The first step in diagnosis is working out if the pain you are experiencing is indeed endometriosis or “just period pain”.
Premenstrual Syndrome (PMS) encompasses a large range of naturally induced symptoms that occur prior to and during menstruation, resulting from the hormones oestrogen and progesterone. Many people experience moderate pain during their period caused by contractions of the uterus that lasts for the first couple of days of menstruation when oestrogen levels are high. This often follows PMS symptoms such as mood swings, acne and breast tenderness. PMS symptoms are usually treatable through period pain medications or the contraceptive pill. During PMS, your ability to perform everyday tasks should not be significantly restricted. If it is, this would be the first sign of abnormality.
Treatments for PMS
If you suffer from pain during your period, there are some strategies you can take to lessen the pain, including: using a heat pack, doing gentle exercises (such as yoga), complementary therapy (such as acupuncture), pain relief medications, the contraceptive pill or an IUD implant.
In contrast, pain from endometriosis tends to shift every cycle and can be present in the lower back, upper abdominal, bowels, bladder, and ovaries. People with endometriosis tend to experience chronic pelvic pain that “comes in waves” relevant to each stage of the menstrual cycle; pain does not necessarily occur exclusively around menstruation. It is common for sufferers to experience periods of severe pain resulting in physical impairment and hospitalisation. Additionally, sufferers can develop chronic fatigue, intolerances to foods (such as gluten and dairy), pain during intercourse, nausea, as well as pain with bowel or urinal movements.

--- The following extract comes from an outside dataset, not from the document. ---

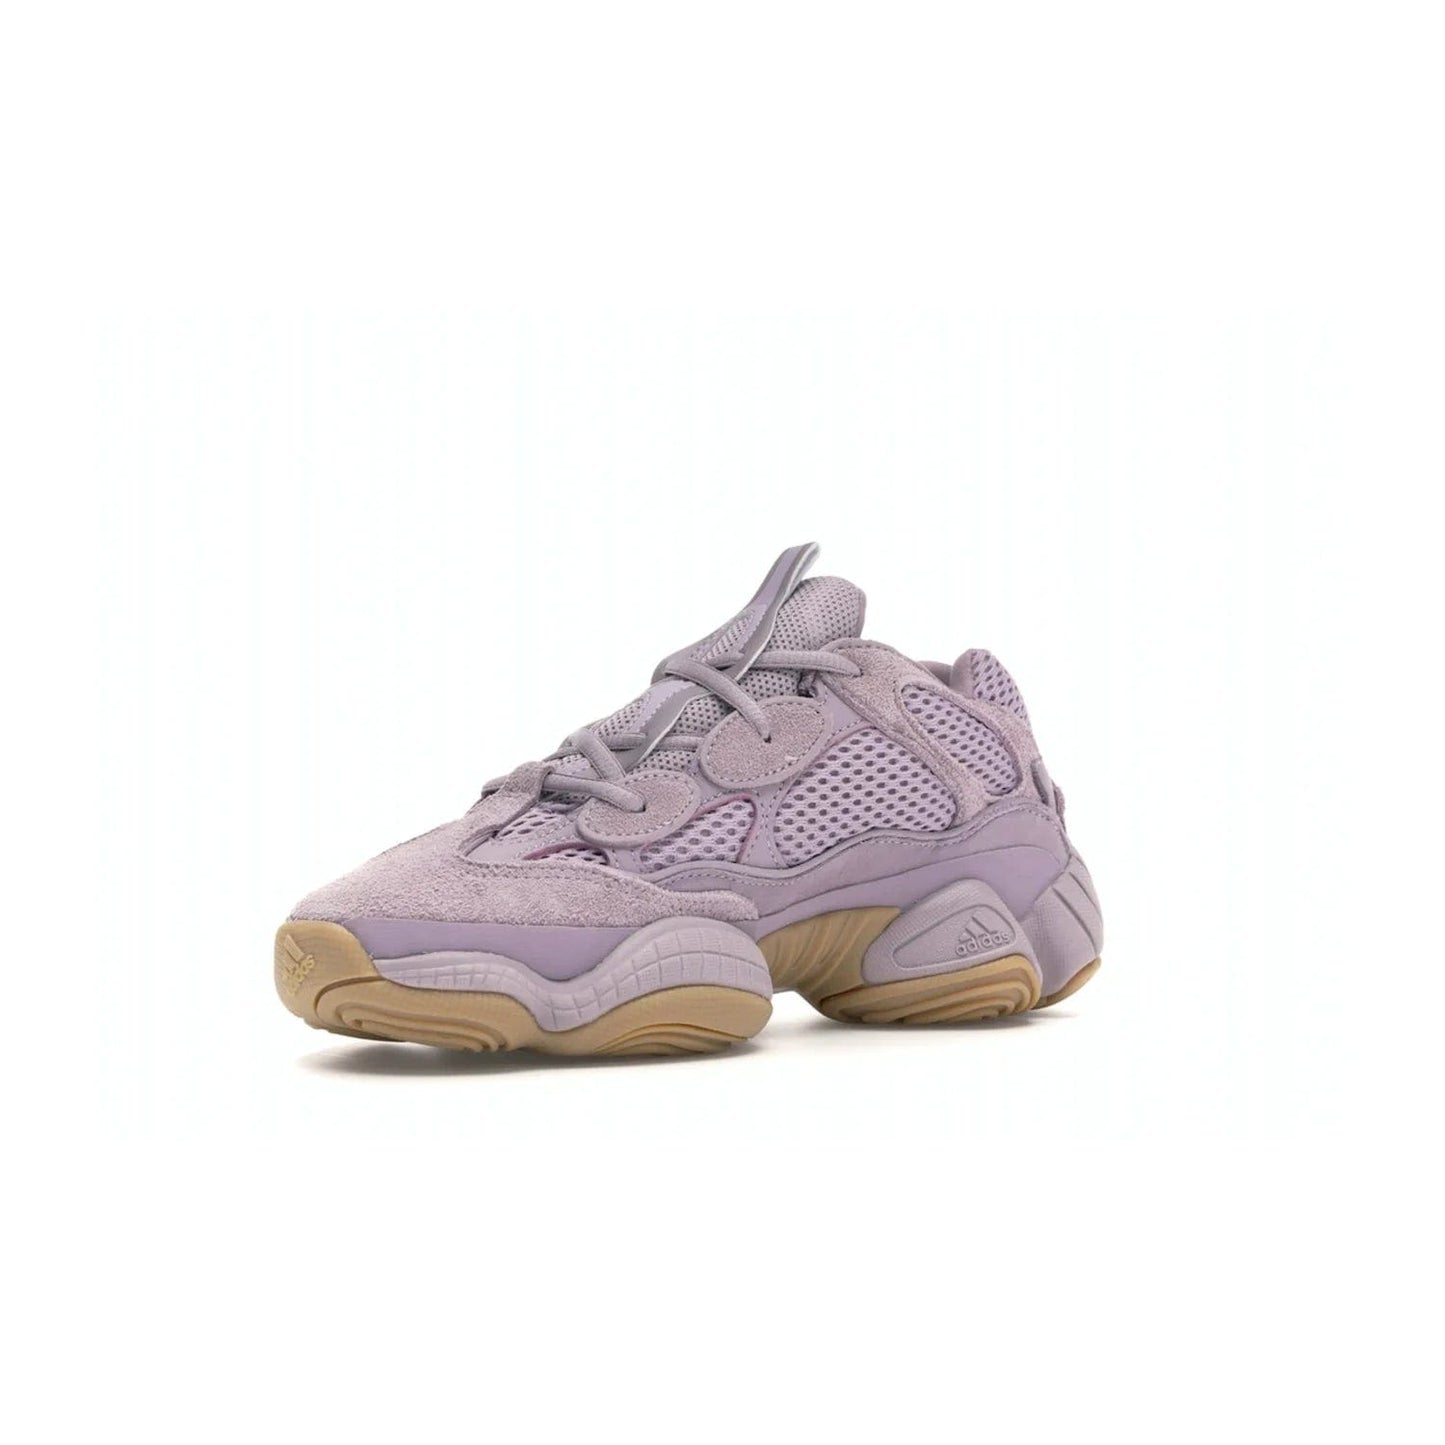 adidas Yeezy 500 Soft Vision - Image 15 - Only at www.BallersClubKickz.com - New adidas Yeezy 500 Soft Vision sneaker featuring a combination of mesh, leather, and suede in a classic Soft Vision colorway. Gum rubber outsole ensures durability and traction. An everyday sneaker that stands out from the crowd.

Treatments for Endometriosis
There is no singular way to cure endometriosis, however, there are some treatments available. Hormonal therapy, such as contraceptives, can be used to prevent ovulation and menstruation to restrict the growth of endometrial tissue. A laparoscopic surgery may also be undertaken to remove scarring and abnormal tissue growth. In extreme circumstances, patients may have their ovaries or entire uterus removed.
Some common self-care strategies for endometriosis at home include regular exercise, yoga, meditation, pain medications, heat packs, maintaining a healthy and balanced diet, psychological support, mindfulness, regular sleep and therapeutic treatments such as acupuncture. If you believe you are experiencing endometriosis, above all it is imperative that you speak to a gynaecologist to explore possible treatments.